The TRS R consists of the following rules:

nats → adx(zeros)
zeros → cons(n__0, n__zeros)
incr(cons(X, Y)) → cons(n__s(activate(X)), n__incr(activate(Y)))
adx(cons(X, Y)) → incr(cons(activate(X), n__adx(activate(Y))))
hd(cons(X, Y)) → activate(X)
tl(cons(X, Y)) → activate(Y)
0 → n__0
zeros → n__zeros
s(X) → n__s(X)
incr(X) → n__incr(X)
adx(X) → n__adx(X)
activate(n__0) → 0
activate(n__zeros) → zeros
activate(n__s(X)) → s(X)
activate(n__incr(X)) → incr(activate(X))
activate(n__adx(X)) → adx(activate(X))
activate(X) → X

Q is empty.
We have to consider all minimal (P,Q,R)-chains.
We use the reduction pair processor [15].

The following pairs can be oriented strictly and are deleted.

ADX(cons(X, Y)) → ACTIVATE(X)
ADX(cons(X, Y)) → ACTIVATE(Y)
ACTIVATE(n__adx(X)) → ACTIVATE(X)

The remaining pairs can at least be oriented weakly.

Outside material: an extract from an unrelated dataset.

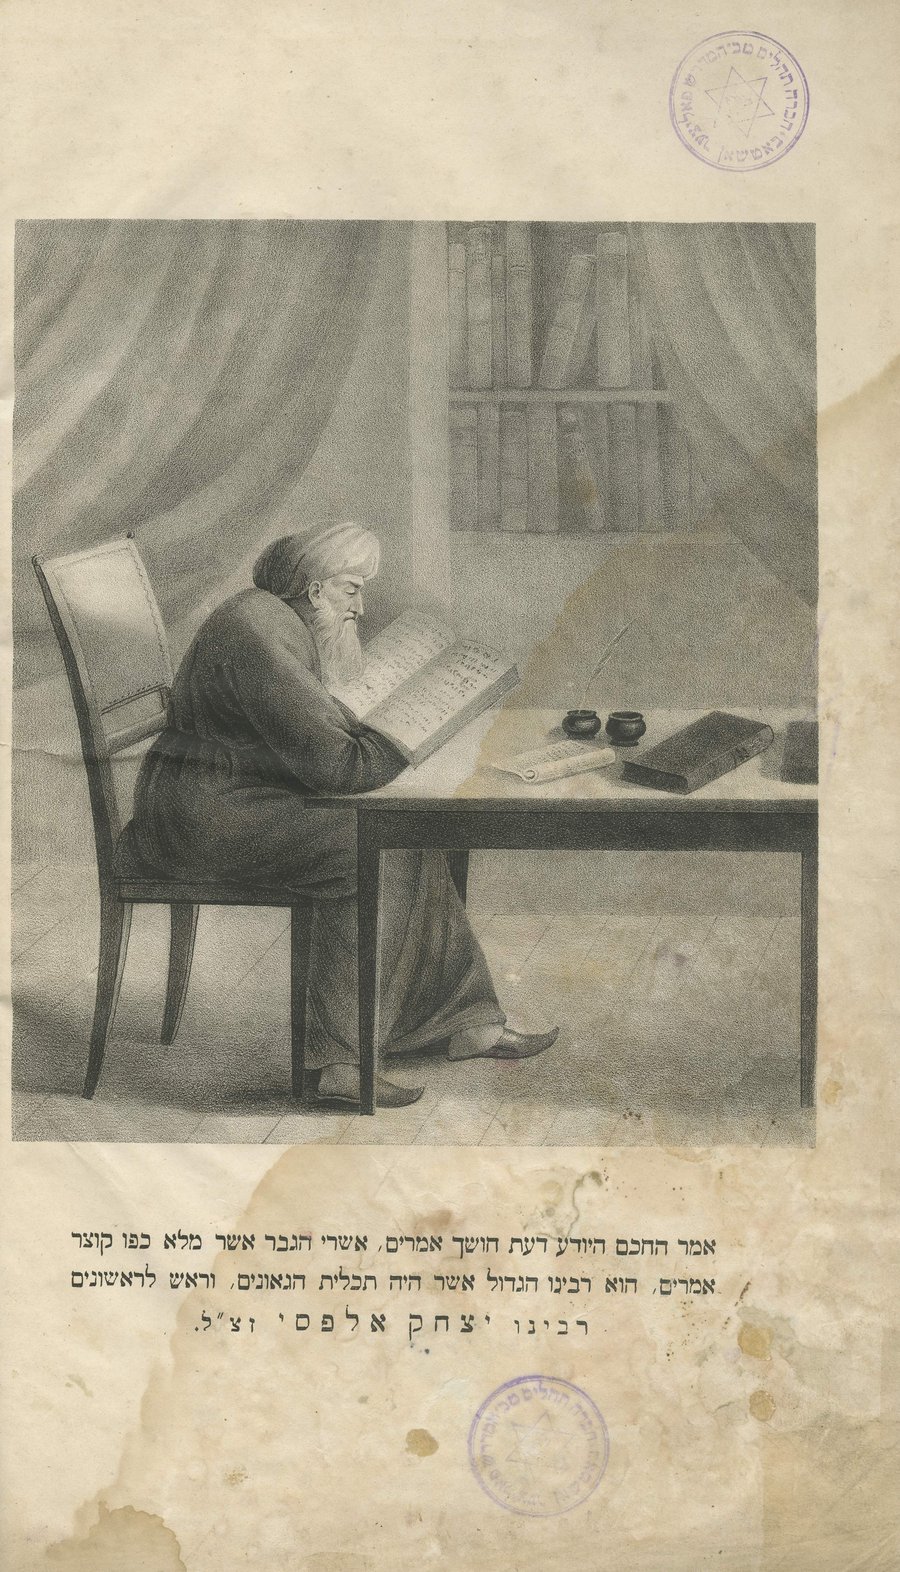 ספר 'הלכות רב אלפס', על מסכת ברכות פרעסבורג, תקצ"ו 1836

INCR(cons(X, Y)) → ACTIVATE(Y)
ACTIVATE(n__adx(X)) → ADX(activate(X))
ADX(cons(X, Y)) → INCR(cons(activate(X), n__adx(activate(Y))))
ACTIVATE(n__incr(X)) → INCR(activate(X))
ACTIVATE(n__incr(X)) → ACTIVATE(X)
INCR(cons(X, Y)) → ACTIVATE(X)

Used ordering: Polynomial interpretation [25,35]:

POL(n__incr(x₁)) = x_1
POL(ADX(x₁)) = 1 + x_1
POL(n__adx(x₁)) = 1 + x_1
POL(n__zeros) = 0
POL(activate(x₁)) = x_1
POL(n__s(x₁)) = x_1
POL(0) = 0
POL(cons(x₁, x₂)) = (4)x_1 + x_2
POL(adx(x₁)) = 1 + x_1
POL(incr(x₁)) = x_1
POL(zeros) = 0
POL(n__0) = 0
POL(s(x₁)) = x_1
POL(INCR(x₁)) = x_1
POL(ACTIVATE(x₁)) = x_1

The value of delta used in the strict ordering is 1.
The following usable rules [17] were oriented:

activate(n__adx(X)) → adx(activate(X))
activate(X) → X
incr(cons(X, Y)) → cons(n__s(activate(X)), n__incr(activate(Y)))
zeros → cons(n__0, n__zeros)
adx(cons(X, Y)) → incr(cons(activate(X), n__adx(activate(Y))))
0 → n__0
s(X) → n__s(X)
zeros → n__zeros
adx(X) → n__adx(X)
incr(X) → n__incr(X)
activate(n__zeros) → zeros
activate(n__0) → 0
activate(n__incr(X)) → incr(activate(X))
activate(n__s(X)) → s(X)

↳ QTRS

  ↳ DependencyPairsProof

    ↳ QDP

      ↳ DependencyGraphProof

        ↳ QDP

          ↳ QDPOrderProof

            ↳ QDP

Q DP problem:
The TRS P consists of the following rules:

INCR(cons(X, Y)) → ACTIVATE(Y)
ACTIVATE(n__adx(X)) → ADX(activate(X))
ADX(cons(X, Y)) → INCR(cons(activate(X), n__adx(activate(Y))))
ACTIVATE(n__incr(X)) → INCR(activate(X))
ACTIVATE(n__incr(X)) → ACTIVATE(X)
INCR(cons(X, Y)) → ACTIVATE(X)

The TRS R consists of the following rules:

nats → adx(zeros)
zeros → cons(n__0, n__zeros)
incr(cons(X, Y)) → cons(n__s(activate(X)), n__incr(activate(Y)))
adx(cons(X, Y)) → incr(cons(activate(X), n__adx(activate(Y))))
hd(cons(X, Y)) → activate(X)
tl(cons(X, Y)) → activate(Y)
0 → n__0
zeros → n__zeros
s(X) → n__s(X)
incr(X) → n__incr(X)
adx(X) → n__adx(X)
activate(n__0) → 0
activate(n__zeros) → zeros
activate(n__s(X)) → s(X)
activate(n__incr(X)) → incr(activate(X))
activate(n__adx(X)) → adx(activate(X))
activate(X) → X

Q is empty.
We have to consider all minimal (P,Q,R)-chains.